Vitamins: its dose that does it, says ISOM

The Orthomolecular Medicine News Service (OMNS) have this week published an article entitled ‘Vitamins: its dose that does it’, in which they state that "thousands upon thousands of nutritional research studies provide evidence that vitamins do help prevent and treat serious diseases, including cancer and heart disease, when the nutrients are supplied in sufficiently high doses. High doses are required. Low doses fail".

According to cardiologist Thomas Levy MD, "the three most important considerations in effective vitamin C therapy are dose, dose, and dose. If you don't take enough, you won't get the desired effects".

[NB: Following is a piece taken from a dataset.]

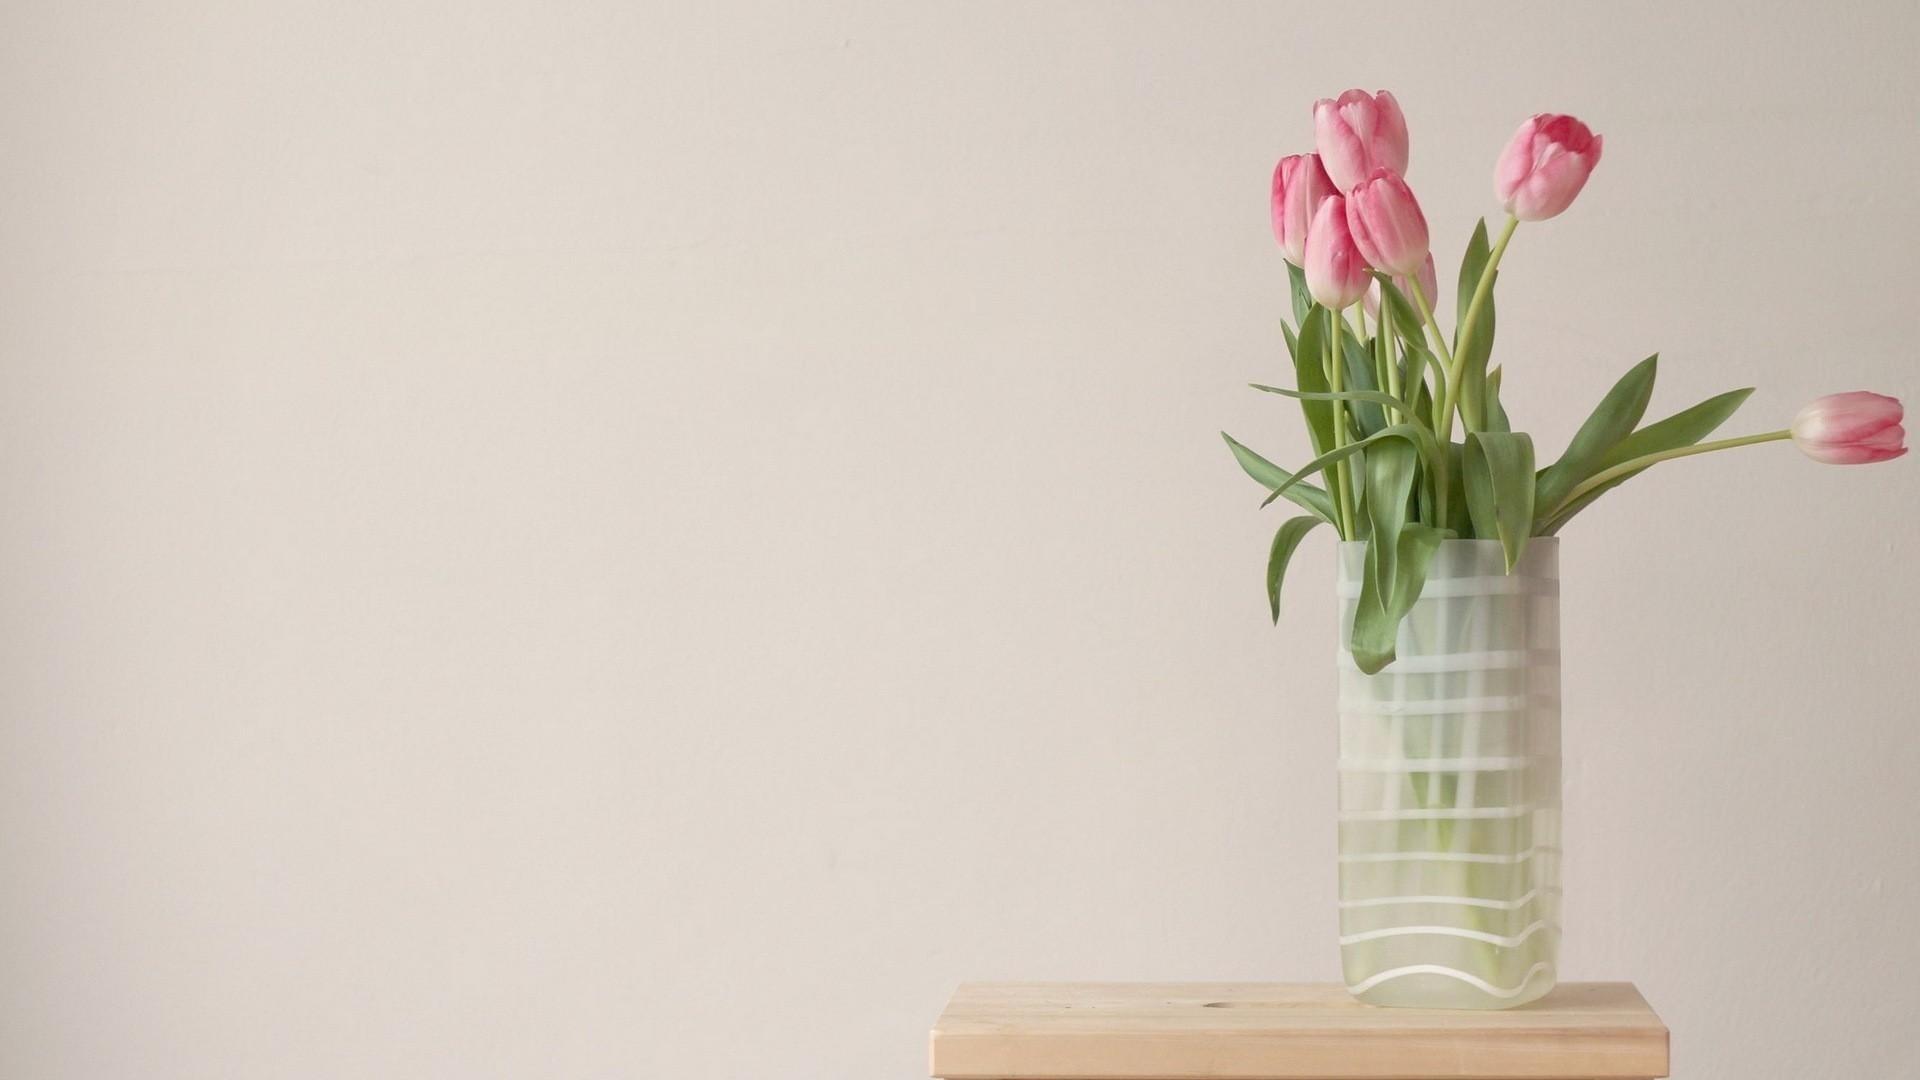 Flower Minimalist wallpaper for pc

Within the article, reference is made to the recent Journal of the American Medical Association JAMA study, after which a press release announced to the world that vitamin C and E supplements did not work in preventing heart disease in older men. This study used low dose, synthetic vitamins. The comments of the International Society for Orthomolecular Medicine (ISOM) experts echoed those of the ANH last November. The experts from ISOM then quote levels of vitamins C and E which have consistently produced good results, and ask that the study be repeated with these levels for a very different outcome!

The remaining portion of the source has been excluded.